• **What is being asked**
Repeat, word for word, every line from the line holding "Height = 29cm" through the final line of the entries below. Skip all pictures.

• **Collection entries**
....
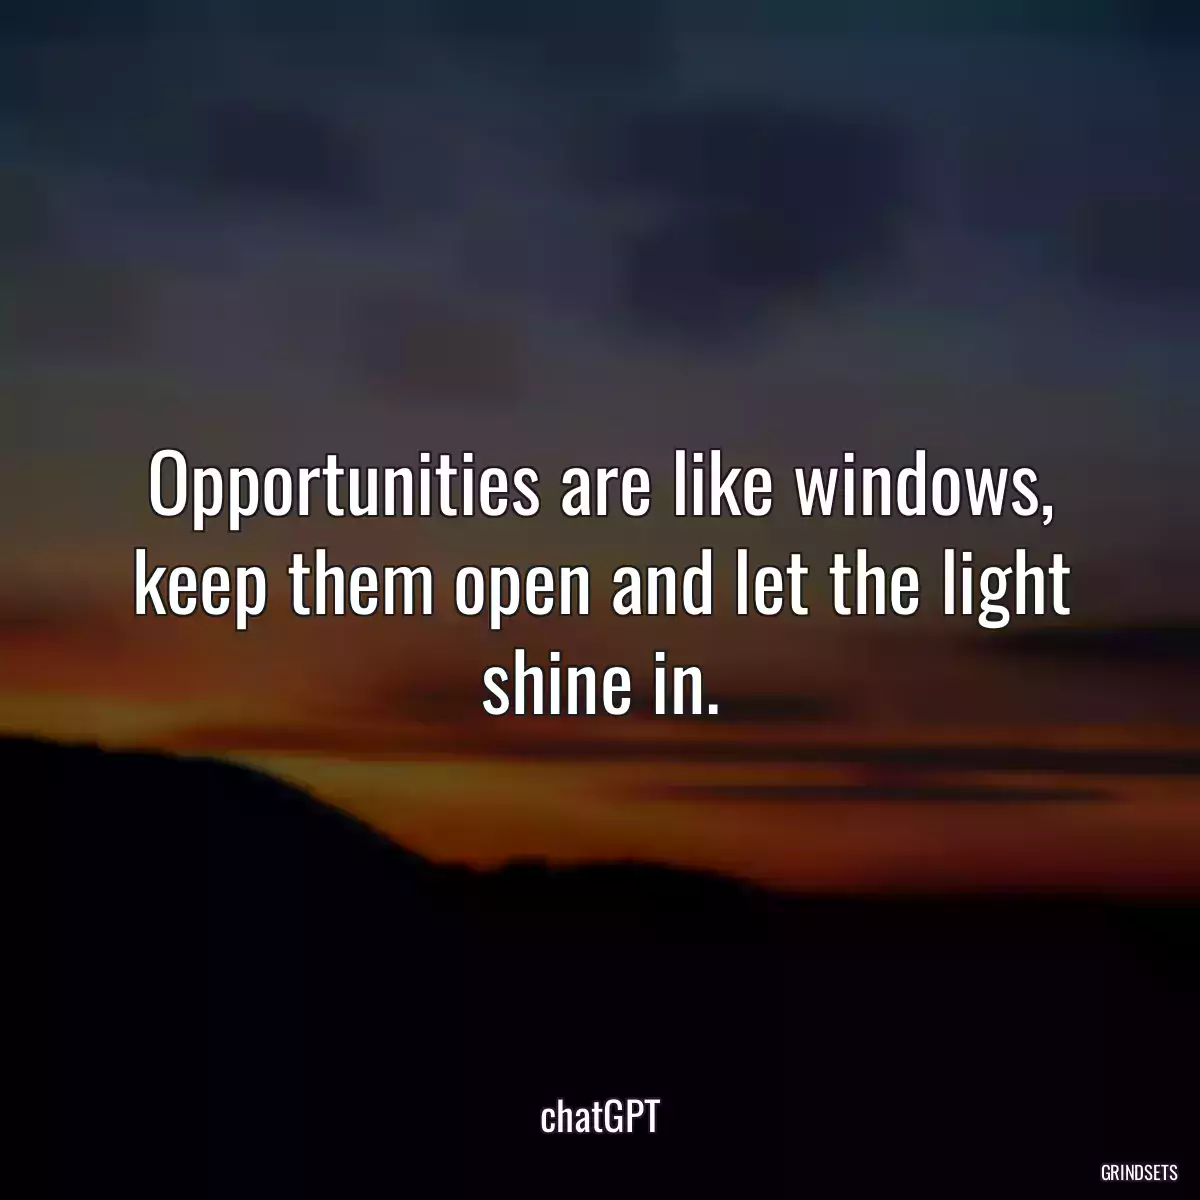 Opportunities are like windows, keep them open and let the light shine in.
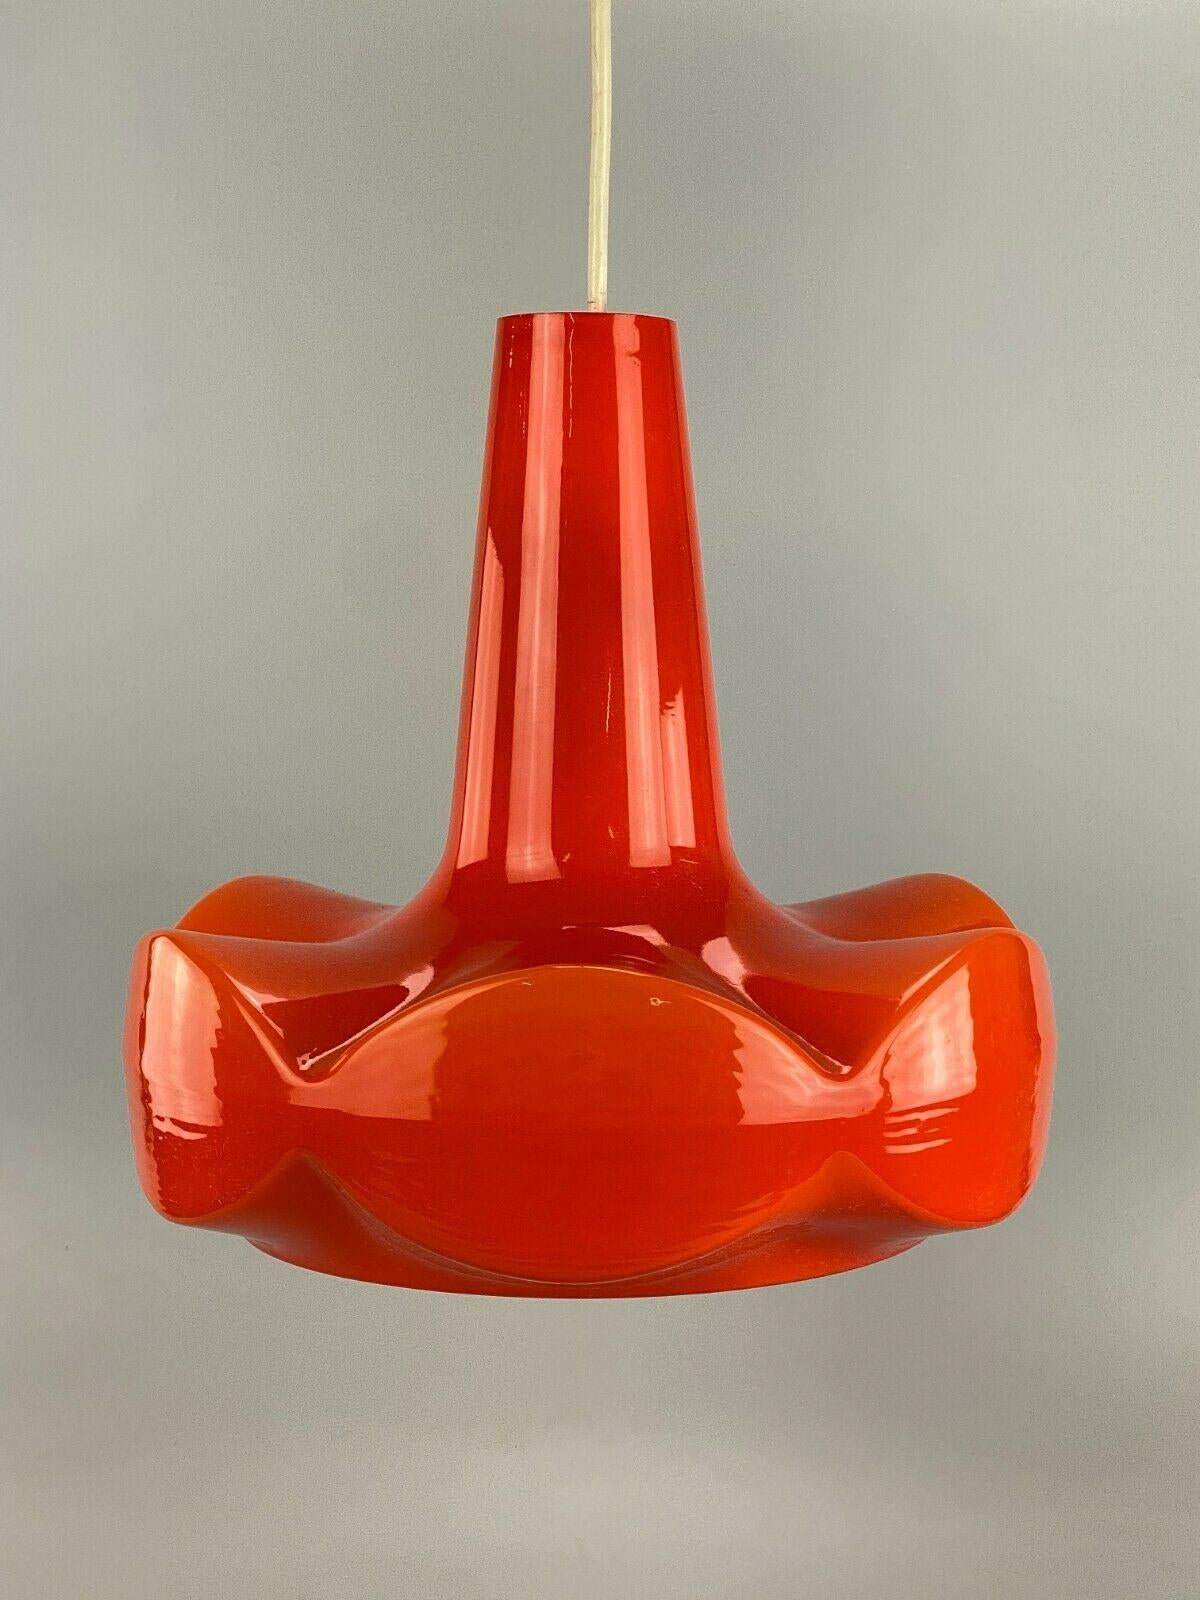 60s 70s Peill & Putzler hanging lamp ceiling lamp glass space design lamp

Object: lamp

Manufacturer: Peill & Putzler

Condition: good

Age: around 1960-1970

Dimensions:

Diameter = 28cm
Height = 29cm

Other notes:

The pictures
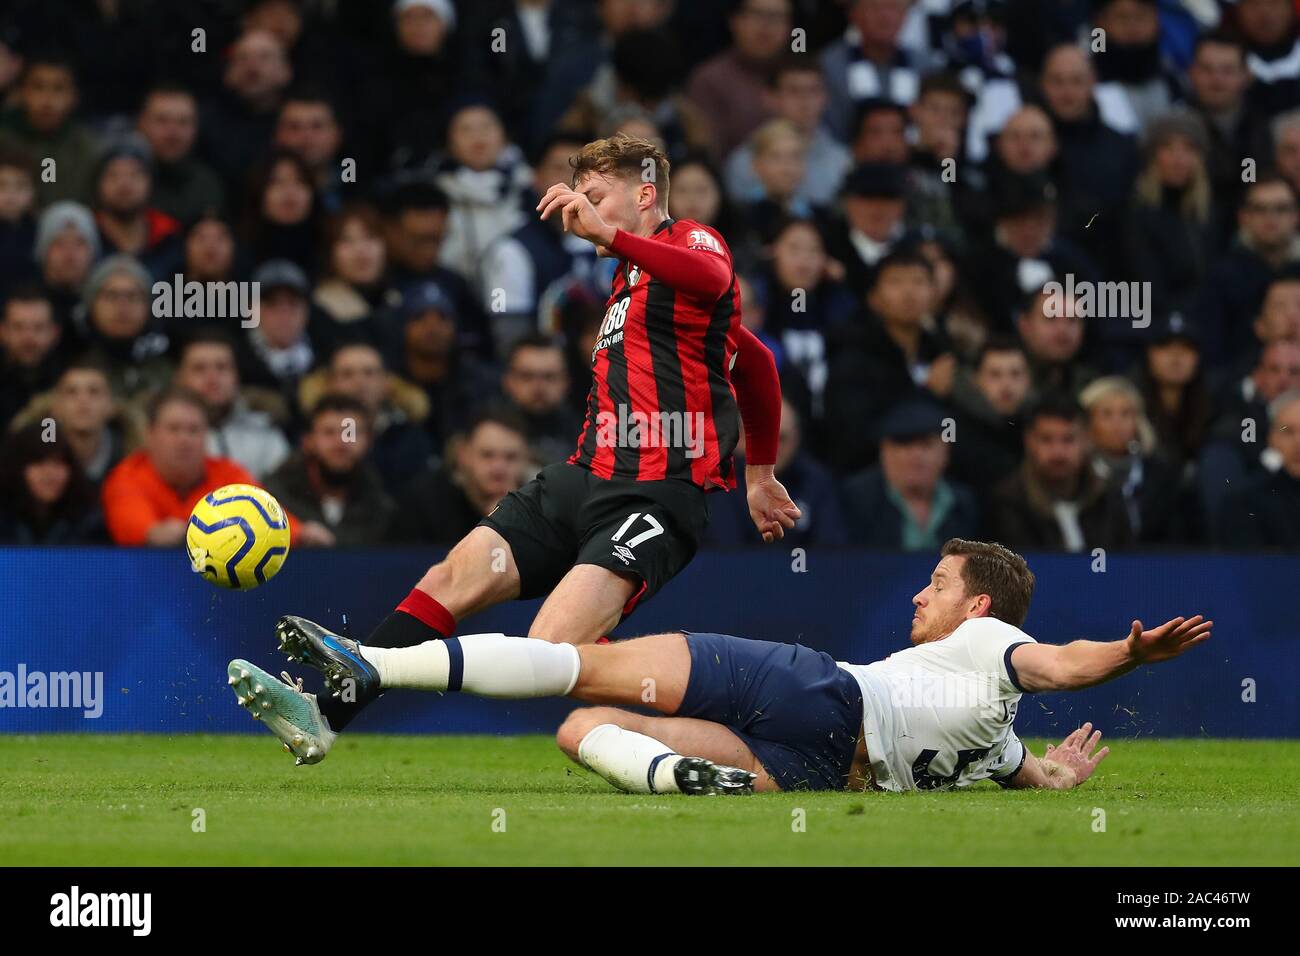 Bournemouth's defender Jack Stacey and Tottenham's defender Jan Vertonghen compete for the ball during the Barclays Premier League match between Tottenham Hotspur and Bournemouth at the Tottenham Hotspur Stadium, London, England. On the 30th November 2019. (Photo by AFS/Espa-Images) Stock Photo
....
• **Solution for this task**
Height = 29cm

Other notes:

The pictures
 Bournemouth's defender Jack Stacey and Tottenham's defender Jan Vertonghen compete for the ball during the Barclays Premier League match between Tottenham Hotspur and Bournemouth at the Tottenham Hotspur Stadium, London, England. On the 30th November 2019. (Photo by AFS/Espa-Images) Stock Photo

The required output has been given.